Dans une interview à paraître vendredi, accordée à Edition Multimédia, Eric Walter souffle le chaud et le froid sur la manière de lutter contre le piratage sur Internet. Hostile à la régulation par la technique, il se dit en revanche favorable à une régulation de tous les acteurs, et défend deux voies ouvertes par l'Hadopi, qui semblent pourtant s'opposer dans leur philosophie et leurs effets. Dur à suivre.

Dans une interview accordée à Edition Multimédia, qui paraîtra ce vendredi 13 décembre, le secrétaire général de l'Hadopi Eric Walter défend sa doctrine en matière de régulation du piratage et, plus largement de l'offre culturelle. En résumé, Eric Walter s'oppose à toute action qui viendrait heurter la neutralité technique des réseaux, mais plaide pour une régulation des acteurs qui se servent de ce réseau. Quitte, parfois, à paraître incohérent.

"L’Hadopi ne « régule » pas Internet et je ne crois d’ailleurs pas à une régulation d’Internet", assure-t-il. "Je pense que c’est à la fois illusoire, inutile et dangereux. Internet, au sens réseau et non les contenus, a ceci de très particulier qu’il est « régulé » par les protocoles qu’il utilise pour son fonctionnement". C'est le fameux Code Is Law de Lawrence Lessig.

En revanche, poursuit-il, "l'action publique doit s’orienter, d’une part, vers les acteurs qui utilisent Internet pour leurs activités et, d’autre part, vers les utilisateurs". Une doctrine qui n'est pas fondamentalement opposée à celle qui veut confier au CSA le pouvoir de réguler les acteurs qui diffusent des contenus sur Internet, et qui conserve la riposte graduée pour "éduquer" les internautes.

Des pistes contradictoires

A cet égard, alors que l'Hadopi s'est montrée hostile au filtrage, Eric Walter estime que la décision récente d'un tribunal d'ordonner aux FAI le blocage de sites de streaming est "une décision pour l'avenir", ce qui brouille la lisibilité du message. "Elle est bien plus importante pour la jurisprudence qu’elle crée que pour la fermeture de sites de streaming – dont il n’a échappé à personne qu’ils avaient déjà majoritairement fermés", note-t-il. Cependant, Eric Walter semble douter de l'efficacité de telles mesures. "La question fondamentale sous-jacente est celle de l’efficience des moyens déployés au regard des objectifs poursuivis".

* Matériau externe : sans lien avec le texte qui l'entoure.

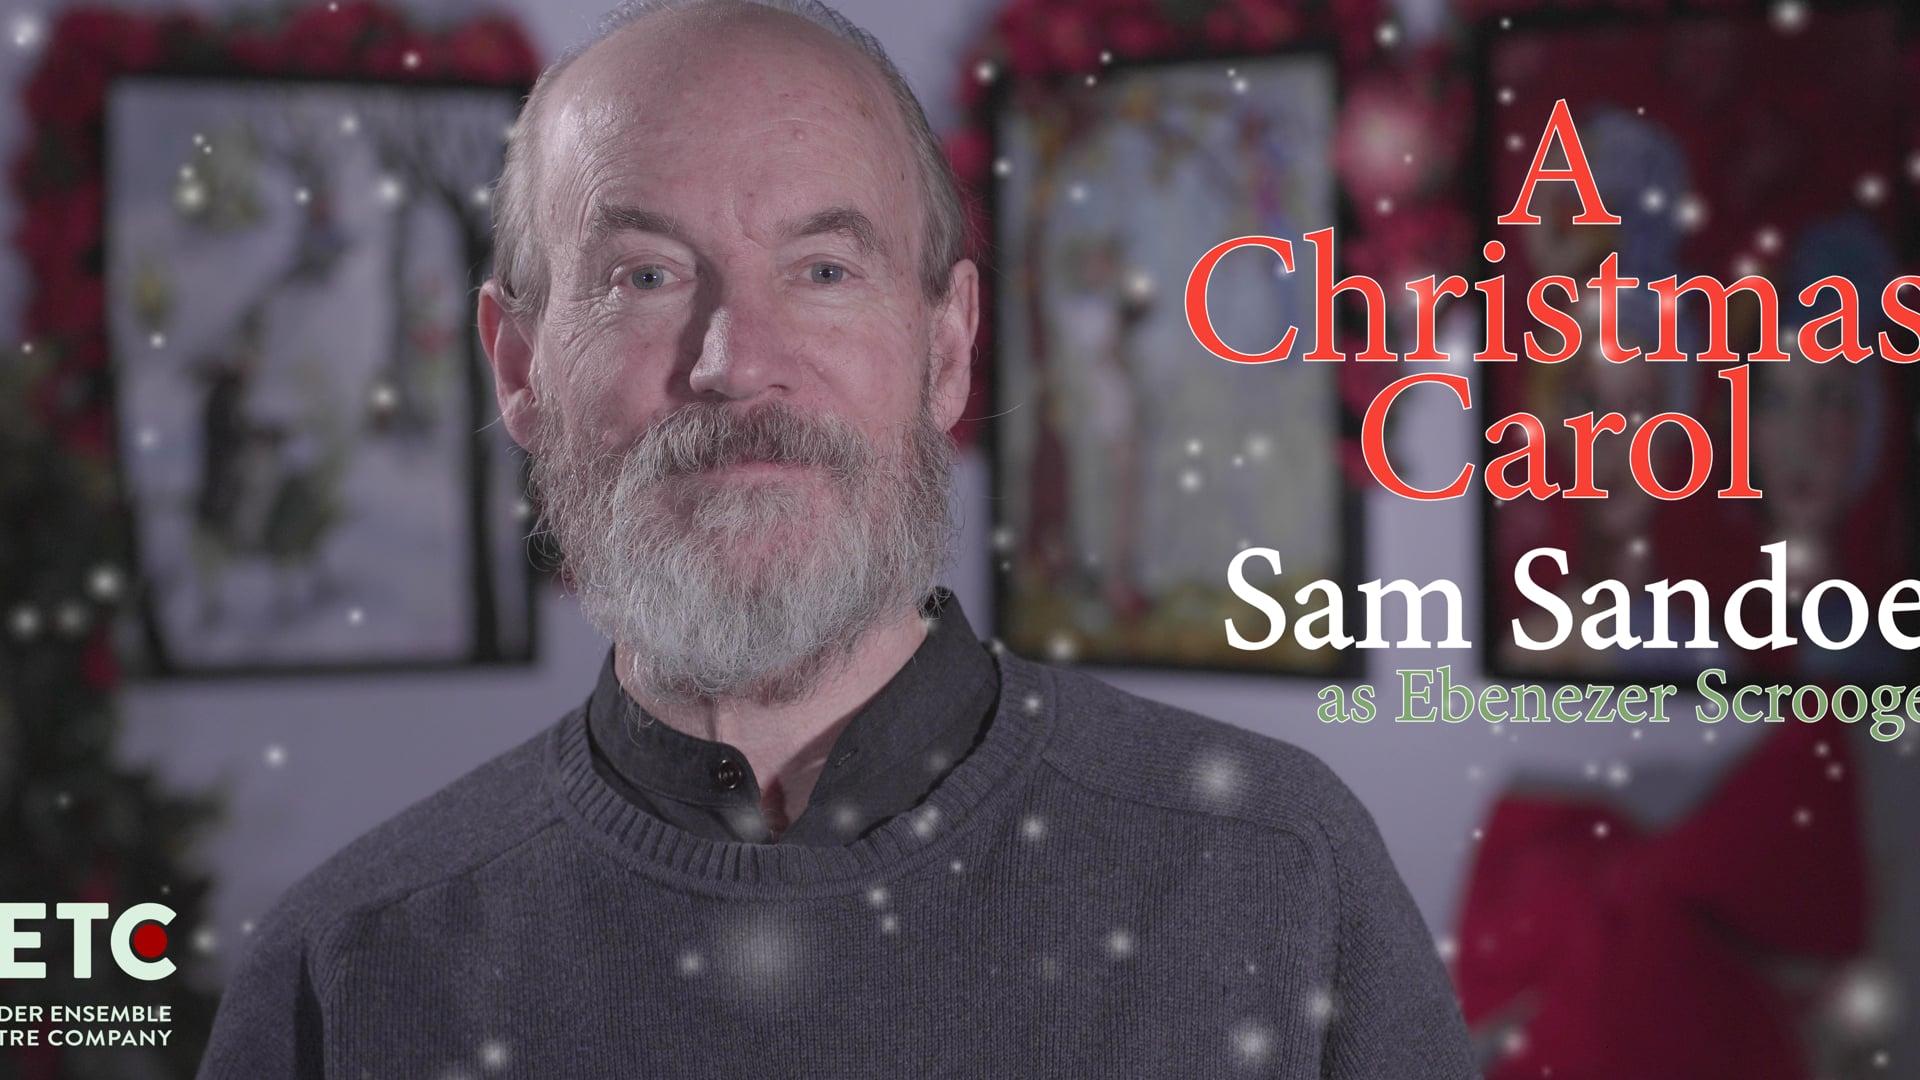 BETC - Christmas

Eric Walter réalise à ce sujet un grand écart curieux, en jugeant dans un même élan que deux pistes en apparence contradictoires ouvertes par l'Hadopi "représentent un investissement considérable et sont, à mon sens, des perspectives d’avenir très concrètes".
 
Il s'agit d'un côté de l'étude sur les moyens de lutter contre la "contrefaçon commerciale", dans laquelle Mireille Imbert-Quaretta (présidente de la Commission de protection des droits de l'Hadopi) défend une forme de riposte graduée contre les hébergeurs et intermédiaires financiers, lorsqu'ils permettent à des services en ligne de gagner de l'argent grâce au piratage (sites de streaming, de téléchargement direct, d'indexation de liens BitTorrent, etc.). A cet égard, un rapport sur les méthodes précises à mettre en oeuvre doit être rendu public au début de l'année prochaine, et pourrait être traduit dans la loi Création présentée en février 2014.
 
De l'autre côté, il s'agit de la proposition de légalisation du partage non marchand, par une "rémunération proportionnelle du partage" qui viserait à faire payer, pour des échanges enfin légalisés, les intermédiaires que la première piste viendrait condamner. Comment concilier ces deux pistes sans en tuer une ? Et si l'une des deux doit mourir, il y a fort à craindre que ça soit cette dernière.